Нежелательные моменты такие же, как и при использовании метода ГСГ. Метод рентгенокинографии, дает представление о том, какие функции способны выполнять трубы, говорит о широте и локализации спаечного процесса.

Простагландиновая гистеросальпингография и лароскопия

Конечно, женщине, согласившейся на диагностику трубного бесплодия, будет интересно узнать, что же ее ожидает. Вот примерный ход событий.

На экране телевизора проводится осмотр или ведется киносъемка. Плюс этой диагностики в том, что снимается спазм труб и матки.

При лапароскопии будут исследованы непосредственно ткани, участвующие в воспалительном процессе. При труднообъяснимом бесплодии лапароскопия незаменима.
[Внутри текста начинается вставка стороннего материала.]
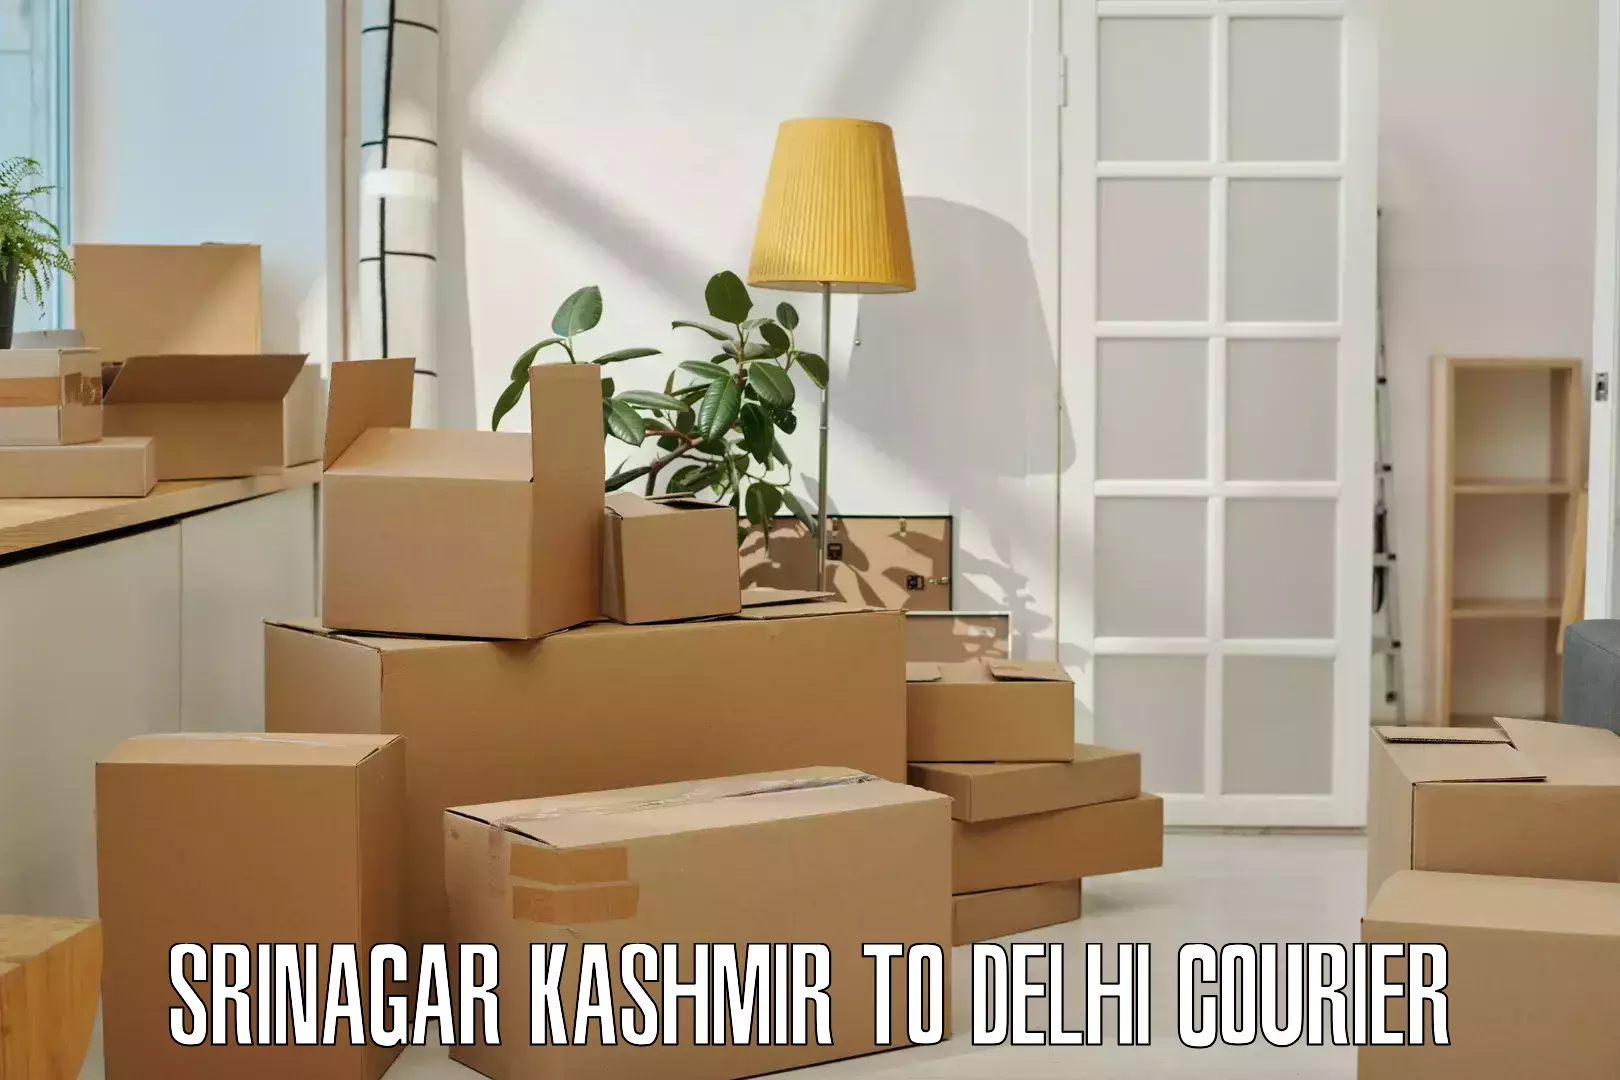 Package delivery network Srinagar Kashmir to University of Delhi

Также лапароскопия успешна при обследовании больных перед операцией восстановления проходимости маточных труб, для диагностирования перитонеальных форм бесплодия и др.

Итак, дорогие женщины, медицина предлагает вам различные варианты диагностики трубного бесплодия. Выберите из них тот, который более всего подходит вам и тогда ваши шансы забеременеть увеличатся вдвое.